1.1 L'arrêt déféré émane d'un tribunal supérieur compétent pour statuer sur les demandes en révision des sentences arbitrales (cf. art. 396 al. 1 CPC en relation avec art. 356 al. 1 let. a CPC). La requête est en l'occurrence rejetée. Avec la doctrine, il faut admettre qu'il s'agit d'une décision finale au sens de l'art. 90 LTF, susceptible d'un recours en matière civile pour autant que les autres conditions de recevabilité soient réalisées (cf. notamment PHILIPPE SCHWEIZER, in Code de procédure civile commenté, 2011, n° 19 s. ad art. 396 CPC et n° 6 ad art. 332 CPC; KRAMER/FRIEDMANN, in DIKE-Kommentar, Schweizerische Zivilprozessordnung, 2011, n° 8 ad art. 399 CPC; GASSER/RICKLI, DIKE-Kurzkommentar, Schweizerische Zivilprozessordnung, 2010, n° 2 ad art. 399 CPC et n° 3 ad art. 332 CPC; JEAN-FRANÇOIS POUDRET, Présentation critique du projet de réglementation de l'arbitrage interne [art. 351 à 397 P-CPC], in Le Projet de Code de procédure civile fédérale, CEDIDAC, 2008, p. 256; STAEHELIN/STAEHELIN/GROLIMUND, Zivilprozessrecht, 2008, p. 541 n° 67). Le code de procédure ne prévoit pas que la décision du tribunal cantonal statuant sur la demande en révision soit définitive, contrairement à ce qui prévaut lorsque le tribunal cantonal statue sur un recours "ordinaire" contre la sentence arbitrale (art. 390 al. 2 2ème phrase CPC; MICHAEL MRÁZ, in Basler Kommentar, Schweizerische Zivilprozessordnung, 2010, n° 12 ad art. 399 CPC).
 
1.2 La révision au sens des art. 396 ss CPC est un moyen de droit extraordinaire, de nature cassatoire: en cas d'admission de la requête, le tribunal cantonal doit annuler la sentence arbitrale et renvoyer la cause au tribunal arbitral (art. 399 al. 1 CPC). Il faut admettre qu'à l'instar de l'autorité précédente, le Tribunal fédéral n'a pas de compétence réformatoire. Les conclusions cassatoires du présent recours sont dès lors recevables.
 
1.3 L'intimé plaide l'irrecevabilité du recours au motif qu'il serait procédurier, ou insuffisamment motivé.

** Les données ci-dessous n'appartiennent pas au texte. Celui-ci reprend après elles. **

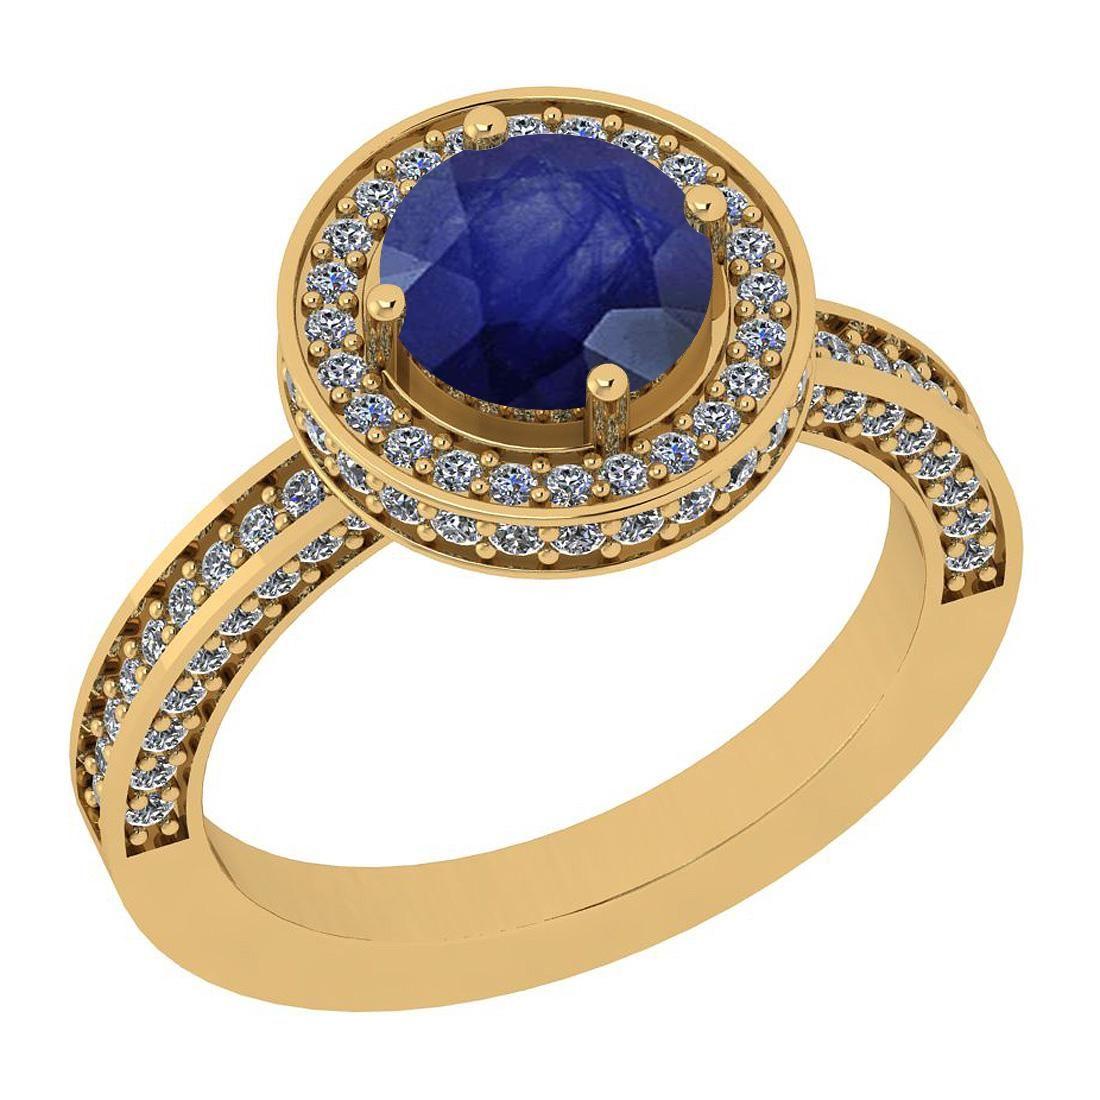 2.13 Ctw I2/I3 Blue Sapphire And Diamond 14K Yellow Gol

1.3.1 Un recours est procédurier ou abusif, au sens de l'art. 42 al. 7 LTF, lorsqu'il est introduit par pur esprit de chicane, qu'il ne poursuit pas la défense d'intérêts légitimes, mais d'autres buts tels qu'un effet dilatoire ou la volonté de tracasser son adversaire. Le caractère abusif ou procédurier peut notamment découler de la multiplication des procédures, de la disproportion évidente entre l'enjeu et les procédés mis en ?uvre, ou de la terminologie utilisée (cf. ATF 118 IV 291 consid. 2a et 118 II 87 consid. 4, rendus sous l'ancienne OJ; LAURENT MERZ, in Basler Kommentar, Bundesgerichtsgesetz, 2ème éd. 2011, n° 113 ad art. 42 LTF; FLORENCE AUBRY GIRARDIN, in Commentaire de la LTF, 2009, n° 66 s. ad art. 42 LTF; YVES DONZALLAZ, Loi sur le Tribunal fédéral, 2008, p. 455 s. n° 106 s.). La notion même de recours procédurier ou abusif implique l'existence d'un cas choquant (BERNARD CORBOZ, in Commentaire de la LTF, n° 29 ad art. 108 LTF; cf. aussi DONZALLAZ, op. cit., p. 1579 n° 4378).
 
Un tel cas de figure n'est pas réalisé en l'espèce. L'intimé relève tout au plus que la sentence arbitrale de 2006 a clos un litige ayant débuté en 1989, que la demande de révision a été déposée "in extremis" le dernier jour de la cinquième année après que la sentence fut devenue définitive et exécutoire, et que le volet pénal de l'affaire arrive enfin "à bout touchant" avec la mise en accusation du recourant. Toutefois, ni l'arrêt ni la sentence ne font ressortir que le recourant aurait eu un comportement chicanier ou abusif dans la procédure d'arbitrage, ou dans les procédures pénales initiées par chacune des parties. Par ailleurs, le droit de déposer une demande de révision se périme par dix ans dès l'entrée en force de la sentence (art. 397 al. 2 CPC). L'ancien Concordat intercantonal sur l'arbitrage prévoyait certes à son art. 42 un délai absolu de cinq ans. Quoi qu'il en soit, quand bien même le recourant, par prudence, aurait veillé à sauvegarder le délai plus sévère de l'ancien droit nonobstant la lettre claire de l'art. 405 al. 2 CPC, l'on ne saurait, en l'absence d'autres éléments, qualifier sa démarche d'abusive du seul fait que la requête a été déposée juste avant l'expiration du délai de l'ancien droit.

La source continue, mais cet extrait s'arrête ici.